It would be interesting if there was some good objective measures to prove what is working and what isn't. Maybe that's one of our big problems. There are a lot of confounding factors that need to be sorted out. Is success, sending a bunch of kids to an MLS draft where their avg. salary throughout their career will likely be in the sub six figures? Doesn't sound world class or very promising to me. Our overly fragmented and politically charged system is ruining our ability to build world class players and while club soccer shares in the blame, DA is leading the charge of mediocrity.


----------



## Wez (Jun 15, 2018)

thedudeabides said:


> It would be interesting if there was some good objective measures to prove what is working and what isn't. Maybe that's one of our big problems.


Agreed.

Can't the best Flt. 1 (and CSL equivalent) join the big tournies in the DA brackets, to see if they really are as good?


----------



## jpeter (Jun 15, 2018)

Wez said:


> Agreed.
> 
> Can't the best Flt. 1 (and CSL equivalent) join the big tournies in the DA brackets, to see if they really are as good?


No, not really when there da only specific brackets like at surf, man City, etc.

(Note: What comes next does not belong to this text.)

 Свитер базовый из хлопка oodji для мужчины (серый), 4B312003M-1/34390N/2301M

DA is a closed circuit also so those teams don't cross play a variety of teams like some of other circuits do when they play tournaments.

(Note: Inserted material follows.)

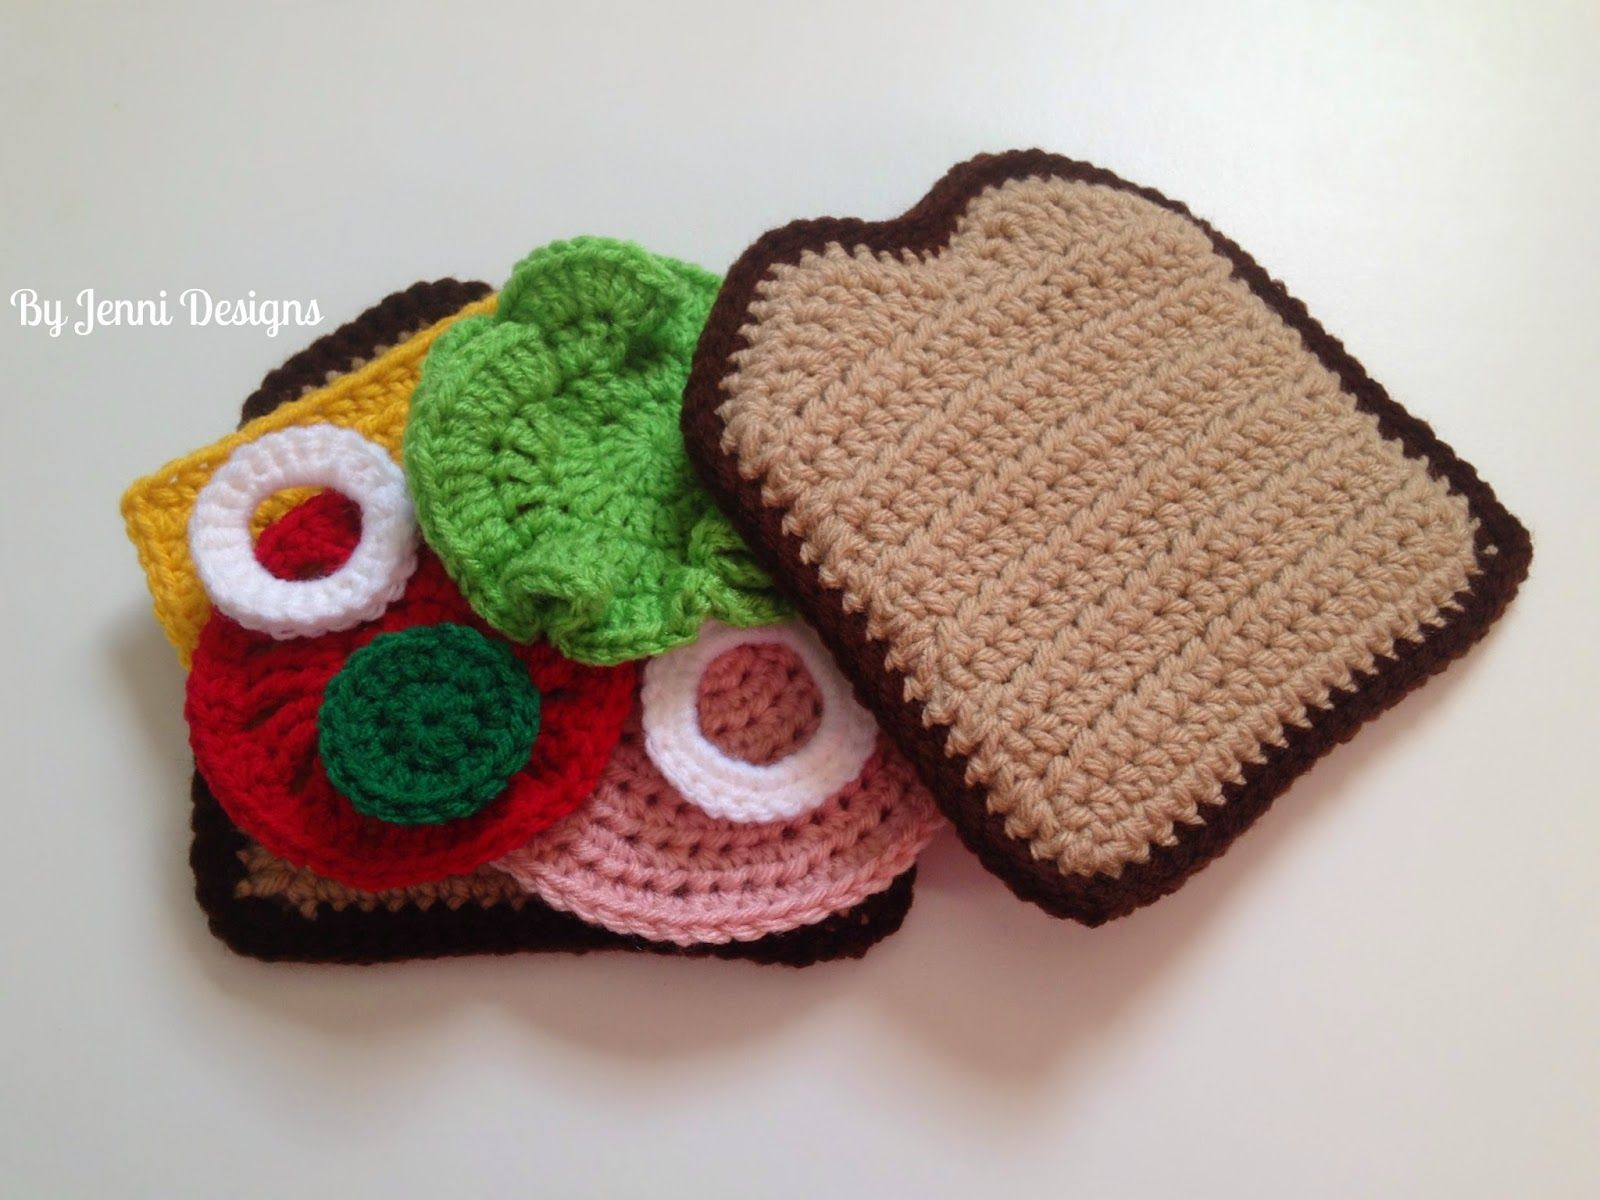 By jenni designs crochet amigurumi bologna sandwich play set by jenni designs crochet amigurumi bologna sandwich play set free crochet pattern bankloansurffo Choice Image

Without some form of promotion regulation or change that's doesn't keep rewarding established clubs with auto matic team entry every year no matter how they perform or give up 100+ goals da is going to remain where it is now... Severely unbalanced without enough comp for the top teams


----------



## Wez (Jun 15, 2018)

jpeter said:


> No, not really when there da only specific brackets like at surf, man City, etc.


If true, that's unfortunate, any team that feels they can take down DA teams, should get the chance, assuming they are already at the top of the flt. 1 rankings.


----------



## R2564952 (Jun 17, 2018)

Why do people hate on the  DAteams?  If you feel your son plays at the level, feel free to tryout and take a spot from a so called (bottom DA team) . You feel it’s too far from you? Guess what?  Many families make the sacrifice week in and week out. If your son isn’t playing academy, why comment on a subject that doesn’t pertain to you, it’s the same argument that’s been heard over and over. We know we know, poor kids play better and the system is ran by money


----------



## Kante (Jun 18, 2018)

Here's consolidated end of season "standings" for u12 thru u14 socal academies. 3pts for win, one pt for draw. does not include showcase games. Thought it might be helpful to see all of the youngers' results in one place given the comments of some folks who are talking about who deserves and does not deserve to be academy.


----------



## Kante (Jun 18, 2018)

"Only the top 1/3 of DA's in SoCal are what DA should be. Many of the DA's don't follow all the rules and produce mediocre talent. They need to have one system with a uniform structure that is enforced with no barriers to access for players that are truly the best of the best. That's essentially what they do in Europe. If we did that there wouldn't be such a disparity between the top 4 DA's and the bottom 4 in SoCal. Cut the fat."

Am new to the academy with our son playing for the first time this year. When you say "many of the DA's don't follow all the rules...", what are you talking about specifically?


----------



## GKDad65 (Jun 24, 2018)

thedudeabides said:


> The bottom four (Pats, Galaxy SD, Santa Barbara, and Arsenal) destroy the false narrative that DA is the best. Not only are these teams pretty weak, they aren't developing any great talent. There are roughly 100 teams in SoCal that are better than those four. The top 5 are all legit top 15 socal teams. The middle 4 have an avg rank of about 50 in socal. I have seen so many posts about should I take my kid to be a DP on a DA or play flight 1, blah, blah. Someone even posted a ranking system of how DA is the best then flight 1, etc. There is no uniformity in any of that, especially with DA, where the variability between Arsenal and LAFC is about 8 or 9 goals. Find a great team that fits your kid with good and respectful players and a coach that can balance winning and development and has your kid's very best interest at heart and stick with that team. DA isn't what it was intended to be. It does not produce world class players. If you aren't playing for a top MLS DA you are just drinking the koolaid and chasing unicorns.


No peeing in the Kool-Aid!!!!


----------



## PaytoplayinLancaster? (Jun 24, 2018)

Kante said:


> Here's consolidated end of season "standings" for u12 thru u14 socal academies. 3pts for win, one pt for draw. does not include showcase games. Thought it might be helpful to see all of the youngers' results in one place given the comments of some folks who are talking about who deserves and does not deserve to be academy.


Your U12 bracket is missing the whole San Diego division.  It would be good to see both divisions and how they finished.


----------



## Kante (Jun 25, 2018)

PaytoplayinLancaster? said:


> Your U12 bracket is missing the whole San Diego division.  It would be good to see both divisions and how they finished.


Here's San Diego and Los Angeles u12.


----------



## PaytoplayinLancaster? (Jun 26, 2018)

Thank you Kante.


----------